Unlike Love Yes, their giddy New Wave statement from 2016, Good Fruit seems to follow a much more deliberate path. That’s an intentional shiftsince sister, drummer, and soon-to-be-mother Katherine switched from pounding drums to programming beats, the trio decided to lean even harder into their collective obsession for synths. So instead of the spontaneous, full-band writing sessions from last time, TEEN steadily built their next album, block by block, over 18 months. “Lizzie and I write really moody songs, and it was nice to dig into that even further,” says Teeny. “It took some adjusting, but I feel like it was very beneficial, because we came out with something very different, which was what we wanted.” This led to energized bangers like “Runner,” which wouldn’t sound out of place on a playlist with Santigold or Janelle Monáe.

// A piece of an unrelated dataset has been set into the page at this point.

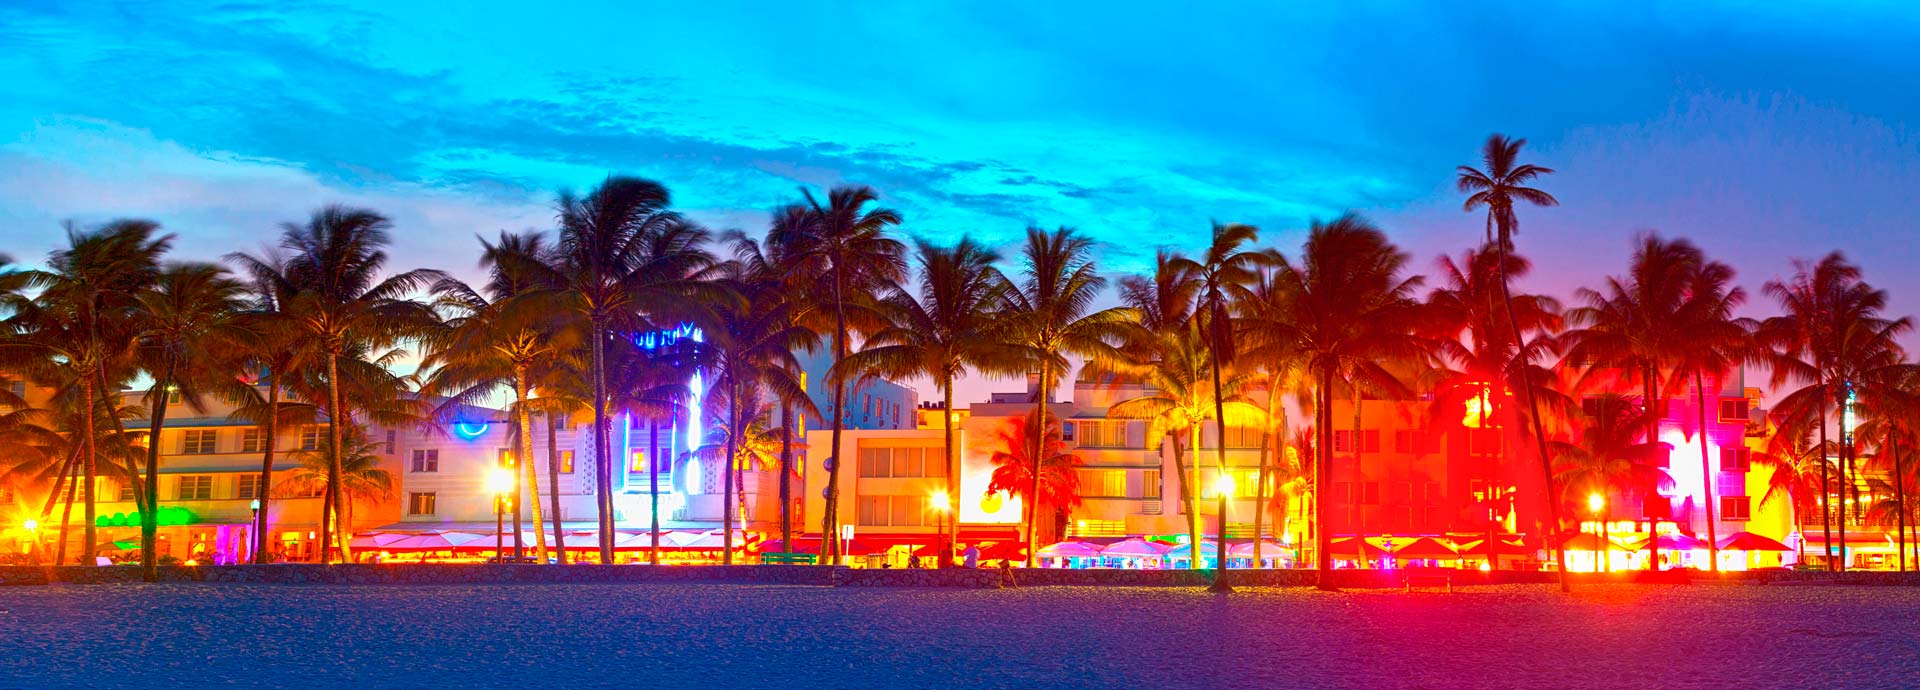 Aluguel de carros em Miami com descontos para Brasileiros | RentingCarz
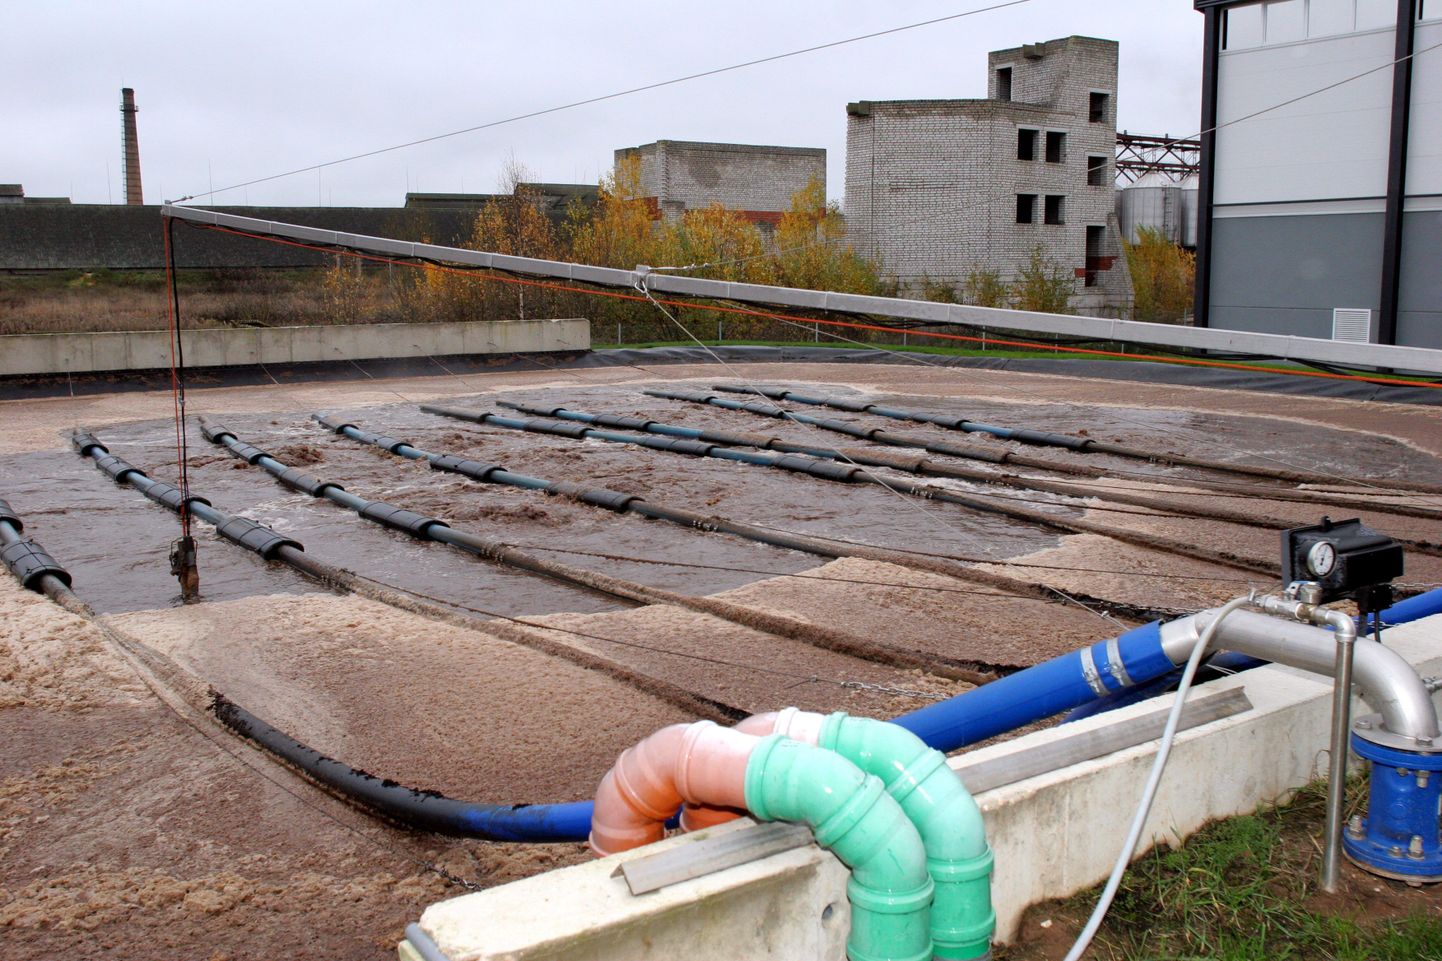 Väike-Maarja loomsete jäätmete käitlemise tehase reoveepuhasti rekonstrueeritakse 2011. aasta lõpuks.

But while Good Fruit might glisten like pop with these fresh coats of varnish, the Lieberson sisters still hold nuanced discourse on the subject of letting go. As Teeny explains, the album breaks neatly into two halves, with the Kate Bush-like meditation “Connection” bridging the gap from holding hands to parting ways. “The first half is really thinking about the desperation of connection, and needing it so badly, and the comfort of that,” she says. “The second half is the processing of that…the process of moving forward, and what it means to be valuable to another person, and how to show up, and how to not show up.”

Back on the first side of Good Fruit, lead single “Only Water” might sound like a night out in a packed rave. But under the strobes, Teeny talks about how to move on from the loss of their recently deceased father. “It’s reflecting on possession, and the idea of attachment to somebody within your lifetime, and trying to let go,” she says.

Ultimately, Teeny and her sisters hope that listeners can dig as deep into Good Fruit as they can. “What I find in music, or what I search for, is some sense of understanding,” Teeny says. “However you relate to the music, I hope that people seek that solace in music that we make. That’s why I listen to music. So I feel like, if that were uplifting or inspiring to people, that would be the greatest thing.”